What does the man on the street want?

Published : Mar 01, 2014 00:00 IST

I reckon I would go to watch Sachin and Shane play cricket long before I would walk down the street to buy a newspaper which gave details of what the pompous call “the governance” of ICC, writes Ted Corbett.

It applies to both the Kevin Pietersen story and to the many and varied changes being made to the constitution of ICC. The ordinary guy in the street, clutching his entrance money, does not give a damn about the technicalities so long as he can watch the star players perform at their best.

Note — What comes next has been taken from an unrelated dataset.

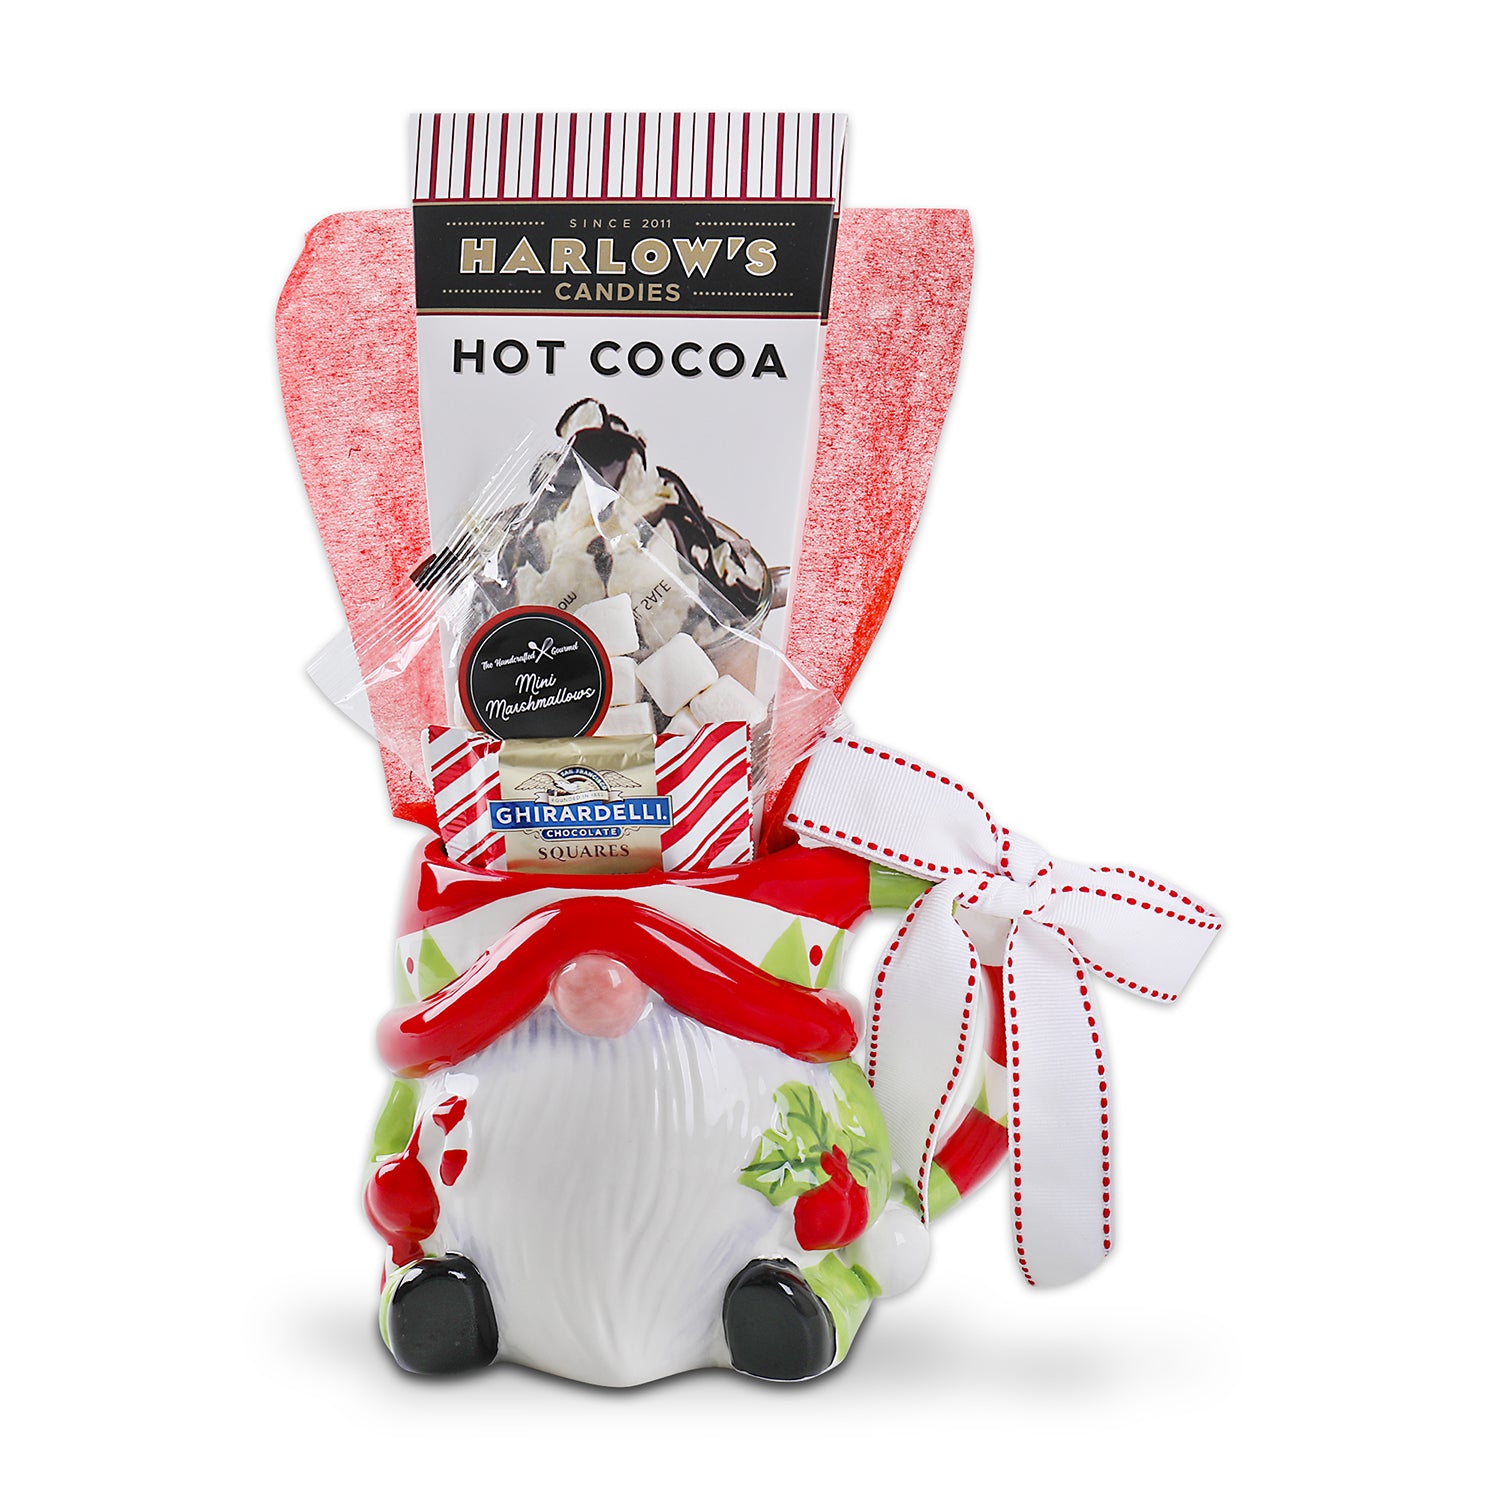 Harlow’s Hot Cocoa Drink Mix (1pc), Ghirardelli Peppermint Bark Tasting Square (.405oz), Marshmallow Bag (1oz),  in a red and green Ceramic Gnome Mug

That is why that same man will not care whether ICC is controlled by the Big Three, the little bear or Goldilocks. He will be pleased that MCC, a wiser, older, more dignified body have invited Sachin Tendulkar to captain their team for the bicentenary match at Lord’s and Shane Warne to lead the Rest of the World.

MCC have been paying attention to the real world. They have noted the adoration of Sachin and that Warne is a far shrewder cricketer than many of those who have been appointed captain of their country while he was left on the outer.

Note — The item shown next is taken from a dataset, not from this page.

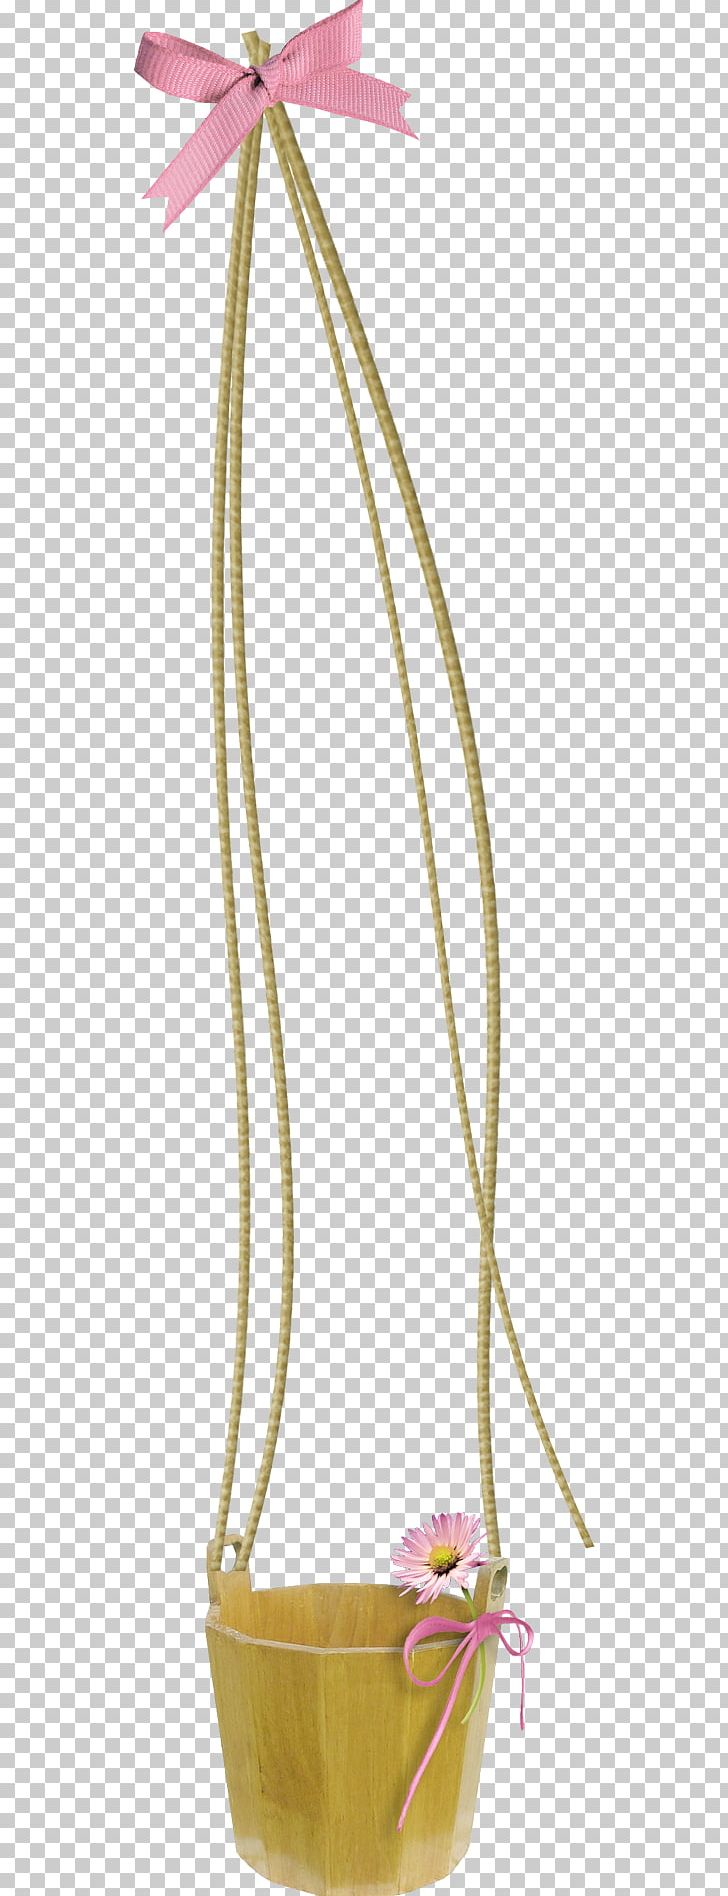 Rope Computer File PNG, Clipart, Bow, Bows, Bow Tie, Bucket, Computer File Free PNG Download

So Sachin is now dreadfully old; so Warne, who is even older, smoked cigarettes after promising to give them up. So he had a few bookmakers listed on speed dial, so he has had — and may still have — the undivided attention of a beautiful film star.

I reckon I would go to watch Sachin and Shane play cricket long before I would walk down the street to buy a newspaper which gave details of what the pompous call “the governance” of ICC.

That sort of stuff does not feel personal to me. Tendulkar’s pulled drive, his late cut and his leg glance wake me up to the charm of cricket; I cannot wait to get another glimpse of the Warne shuffle to the crease, his powerful wrist giving the ball its curve and, oh please God, produce a delivery like the one that bowled Mike Gatting all those years ago.

I can dream about the cricketers. I cannot waste a moment of my life thinking whether BCCI or SLC have control of the purse strings. It is not what I want from cricket, a game that appeals on so many levels, that enthuses the man so disabled that he can never hope to feel bat on ball and the super athlete from, for instance, baseball or football, or tennis who thinks “I can conquer cricket; a game for the weak” and when he tries it finds that there is more to it than he imagined.

So, for me and thousands like me, the message to ICC is to make the best arrangements they can for their future — but please try to leave the game in the hands of good men like those who exercise their wisdom at MCC — and we will get on with our natural inclination to watch the real stars.

I have loved this contrary, difficult, idiosyncratic game since I was 12, playing in the schoolyard next to my home in the Dales of Yorkshire. I made no conquest of it as a player and when people ask me if I played I often reply that I was the worst cricketer in any team I played for.

I learnt enough to see the difficulties faced and to admire those who performed as I wished I could.

That is why I am angered and amazed and distraught at what has been done to Pietersen. Yes, I know he is a strange one, that he speaks when he should keep quiet and that he is generally an imperfect human being; but I defend his right to be no ordinary Joe, to rant if that is how he feels and to be sullen and discontented if he loses a job he must have wanted so desperately.

Great men, be they composers, artists, sportsmen or doctors, are often wayward, difficult to handle and cantankerous. They find it difficult to admire those who cannot hope to achieve what they think comes naturally.

I had a long relationship with Fred Trueman, a rough kind of a guy, who also spoke before he thought. I loved him because he could produce sentences like this — “I hear that Yorkshire’s new bowlers are finding it difficult to get wickets. Why don’t they pitch the ball leg stump and hit to top of the off. I found very few batsmen could play that one.”

No, dear departed Fred, and very few bowlers could guarantee to produce that ball as often as you did.

KP could conjure up that sort of miracle too and yet, those who could not manage him have decided he must go. I am not sure, whether his runs have dried up completely. If they have England have got their decision right.

It has now been decided that neither side can explain what has gone wrong until October. How incredibly, mind-bogglingly, foolish.

Do those who have drawn up this agreement imagine that of the many first-class cricket reporters who follow the game regularly will not attempt — and the modern world provides fair means and foul — to get round this decision.

ICC have already been taught this lesson. They tried to keep their decisions secret and failed. The English authorities tried to keep their ruling on KP secret and failed just as dismally. There is no such thing as a news blackout in politics, in sport or in business although reporters often help the police when secrecy is important.

Otherwise it is always in someone’s interest to tell the tale the way it is and I believe we will know the truth about the goings on in the England dressing room long before October. It will not be guesswork either.